[Information supplied]

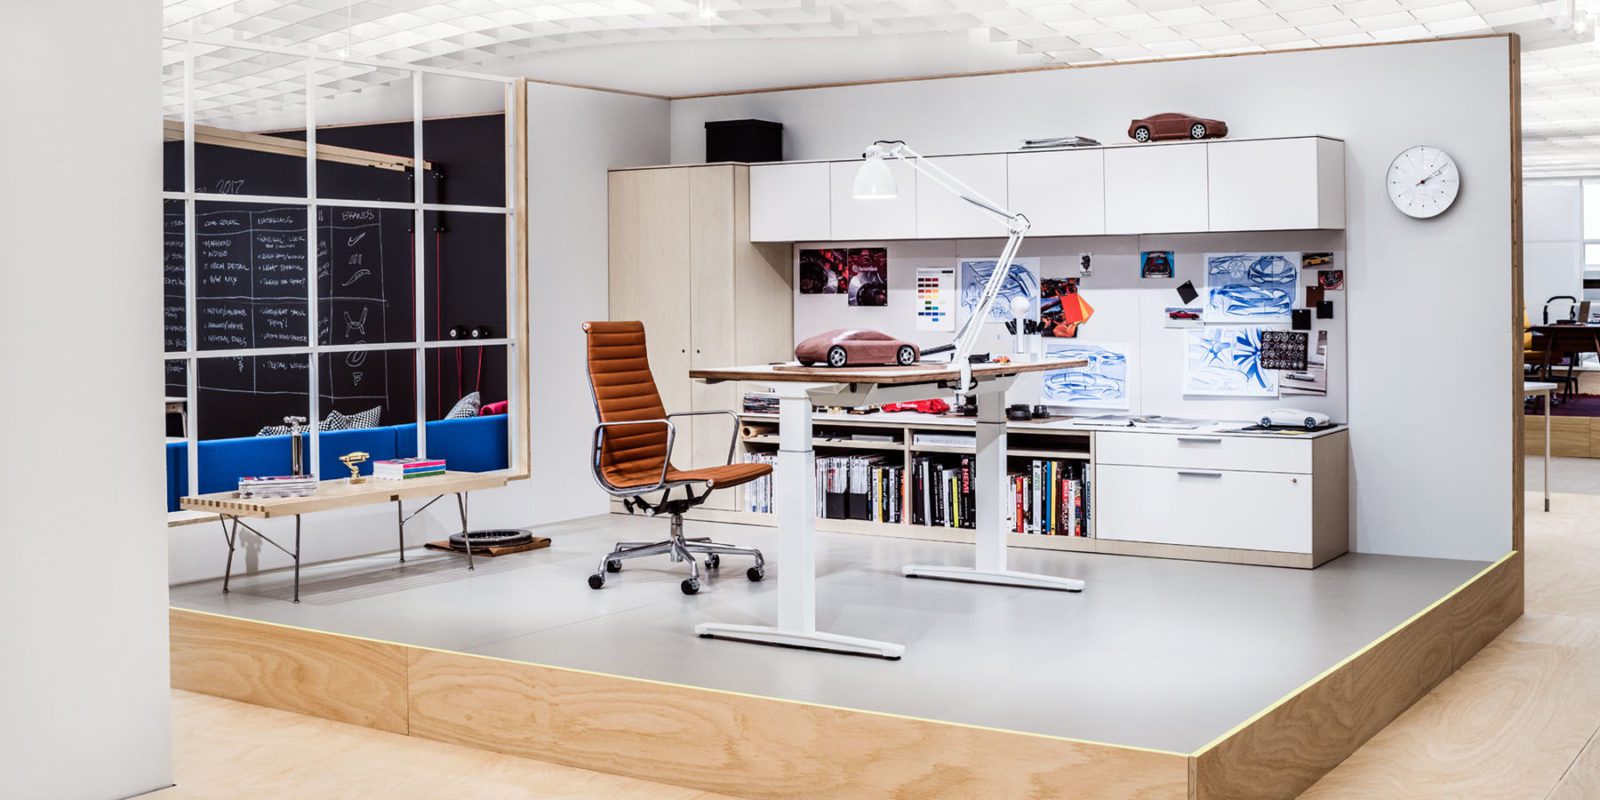 Herman Miller showroom with a desk arrangement
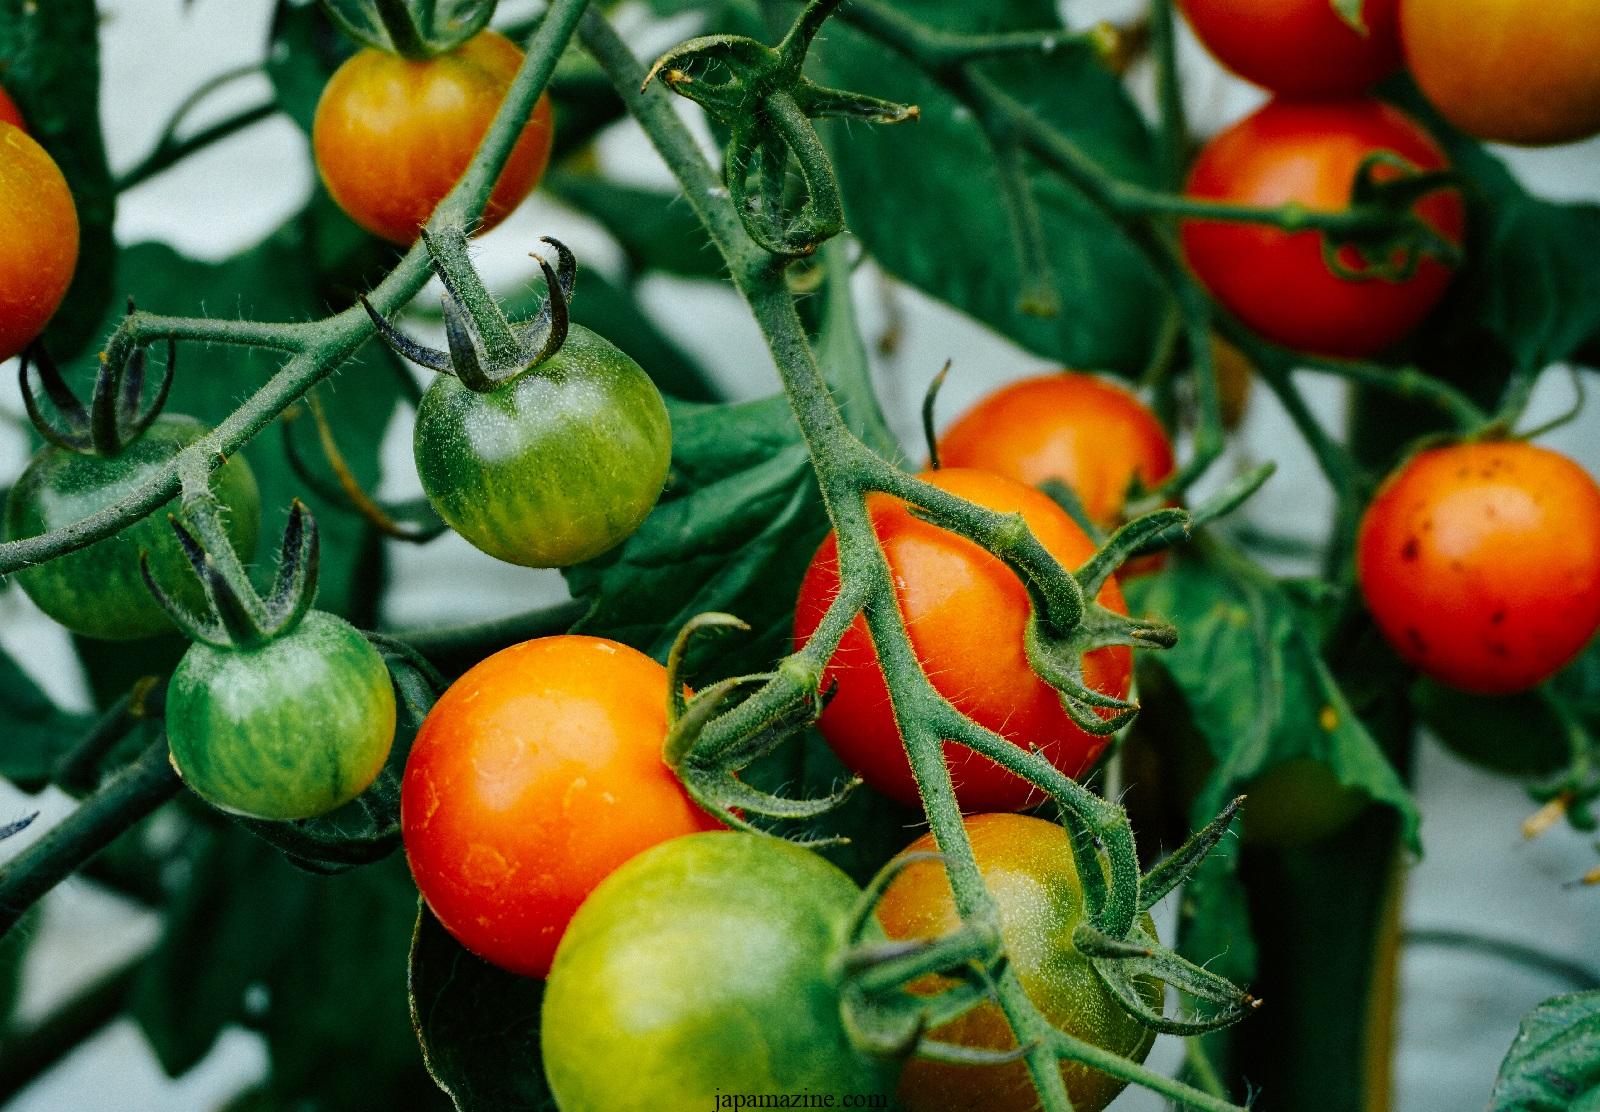 Posso cultivar tomates?
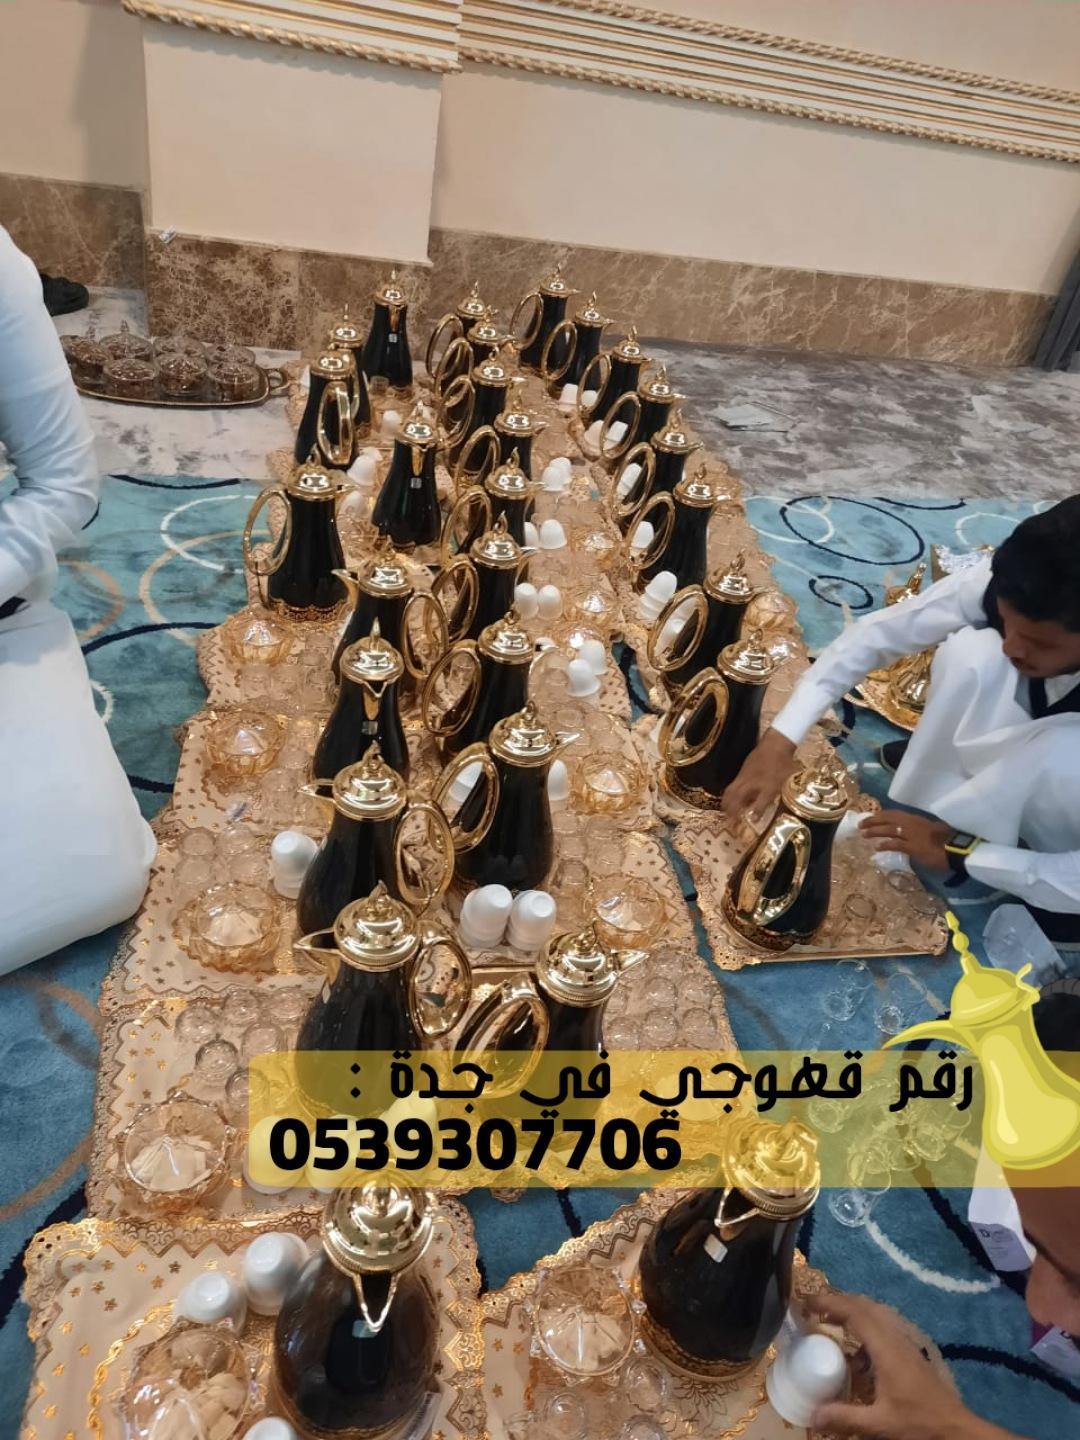 صبابين قهوه قهوجي و مباشرات زواج في جدة,0539307706  348193106
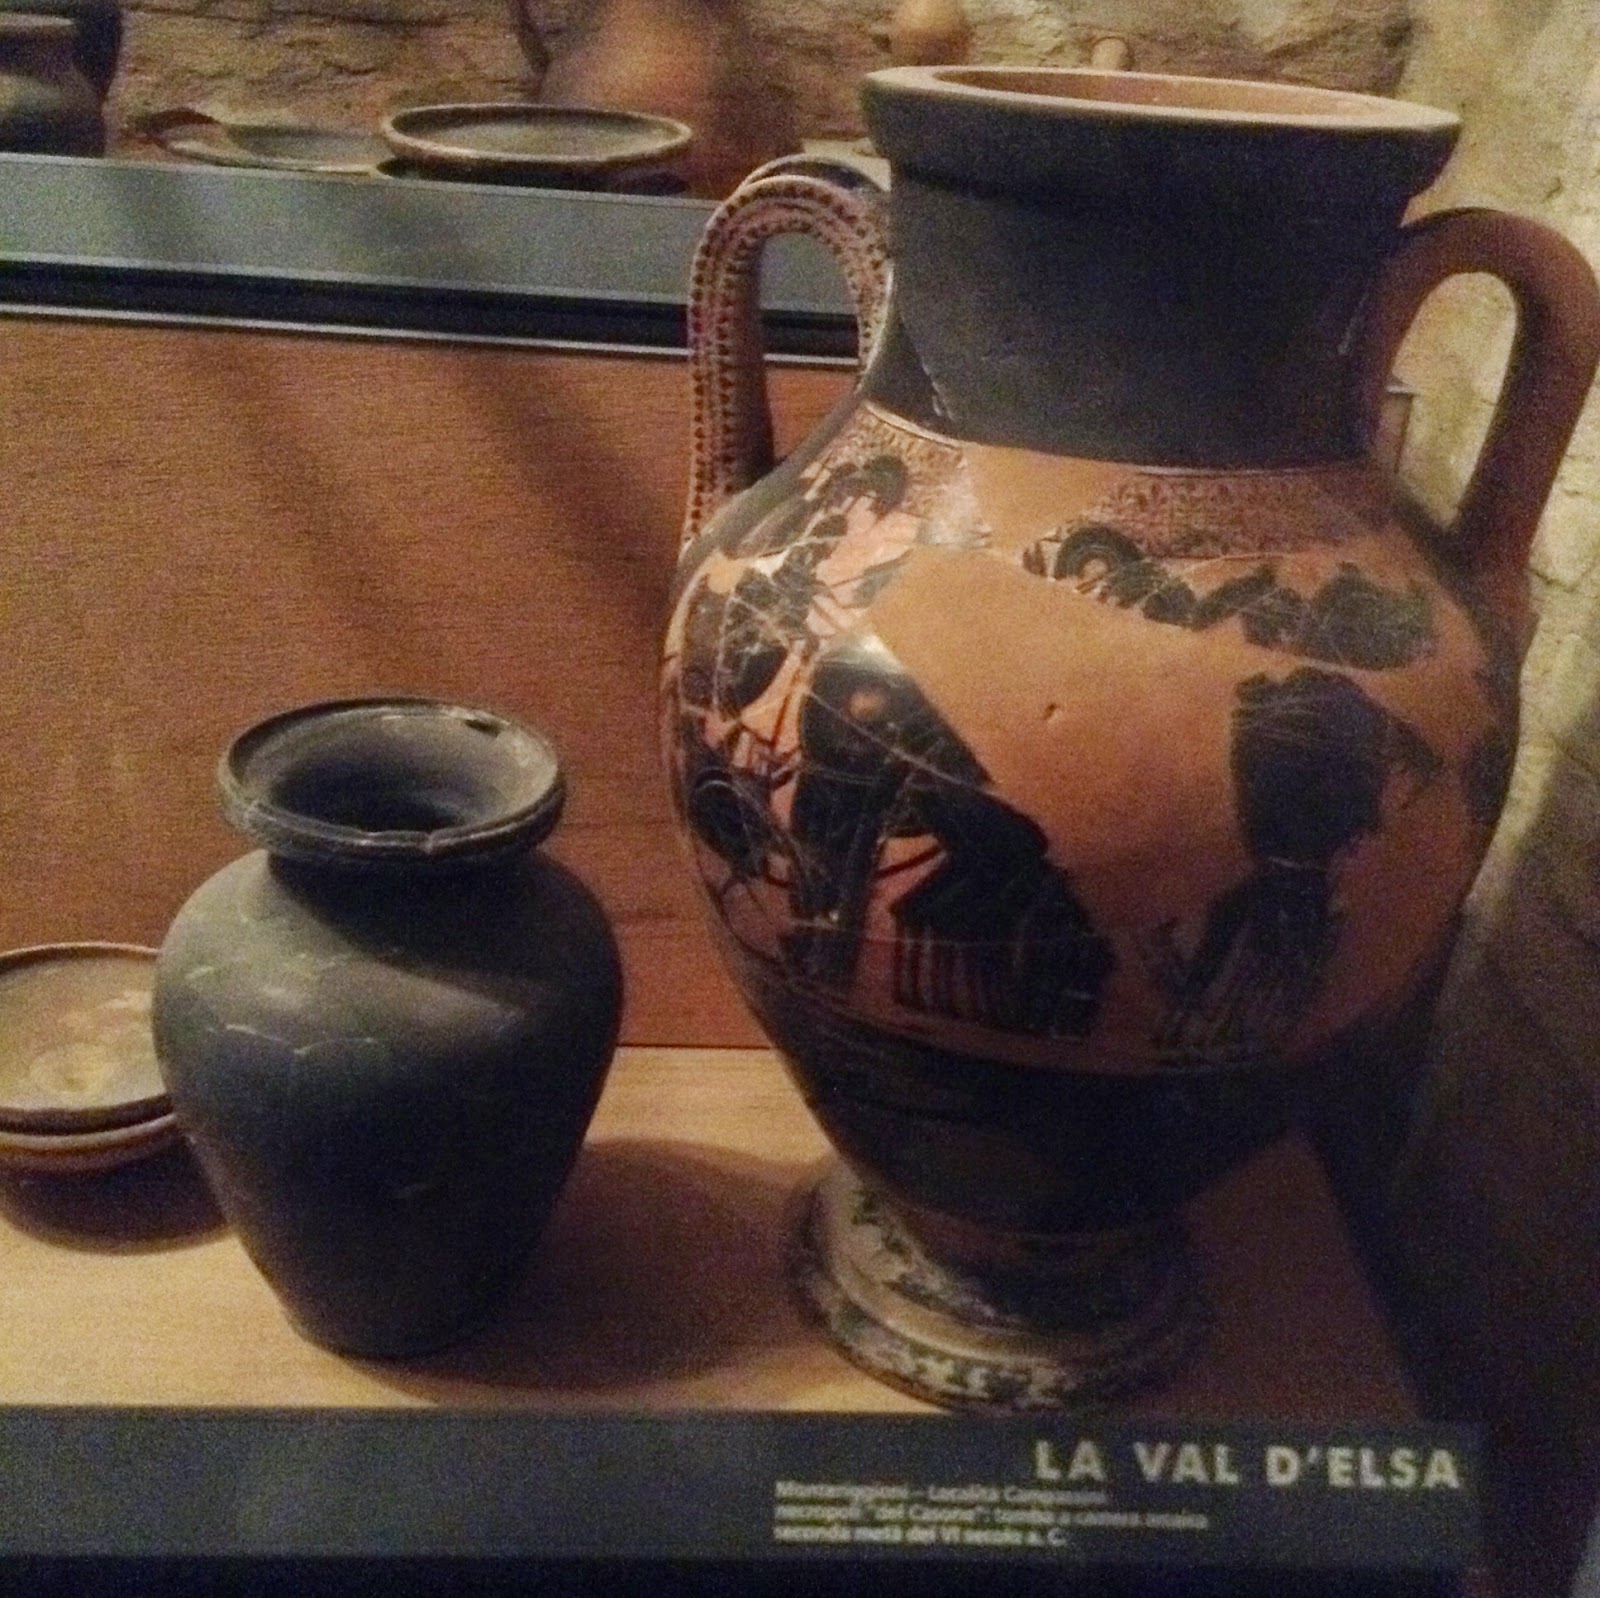 Museo Archeologico di Siena: kelebe, vaso di vernice nera usato come cinerario

[/Information supplied]

### What you should do
Print the data again, word for word, without any pictures.

### Written answer
 Herman Miller showroom with a desk arrangement
 Posso cultivar tomates?
 صبابين قهوه قهوجي و مباشرات زواج في جدة,0539307706  348193106
 Museo Archeologico di Siena: kelebe, vaso di vernice nera usato come cinerario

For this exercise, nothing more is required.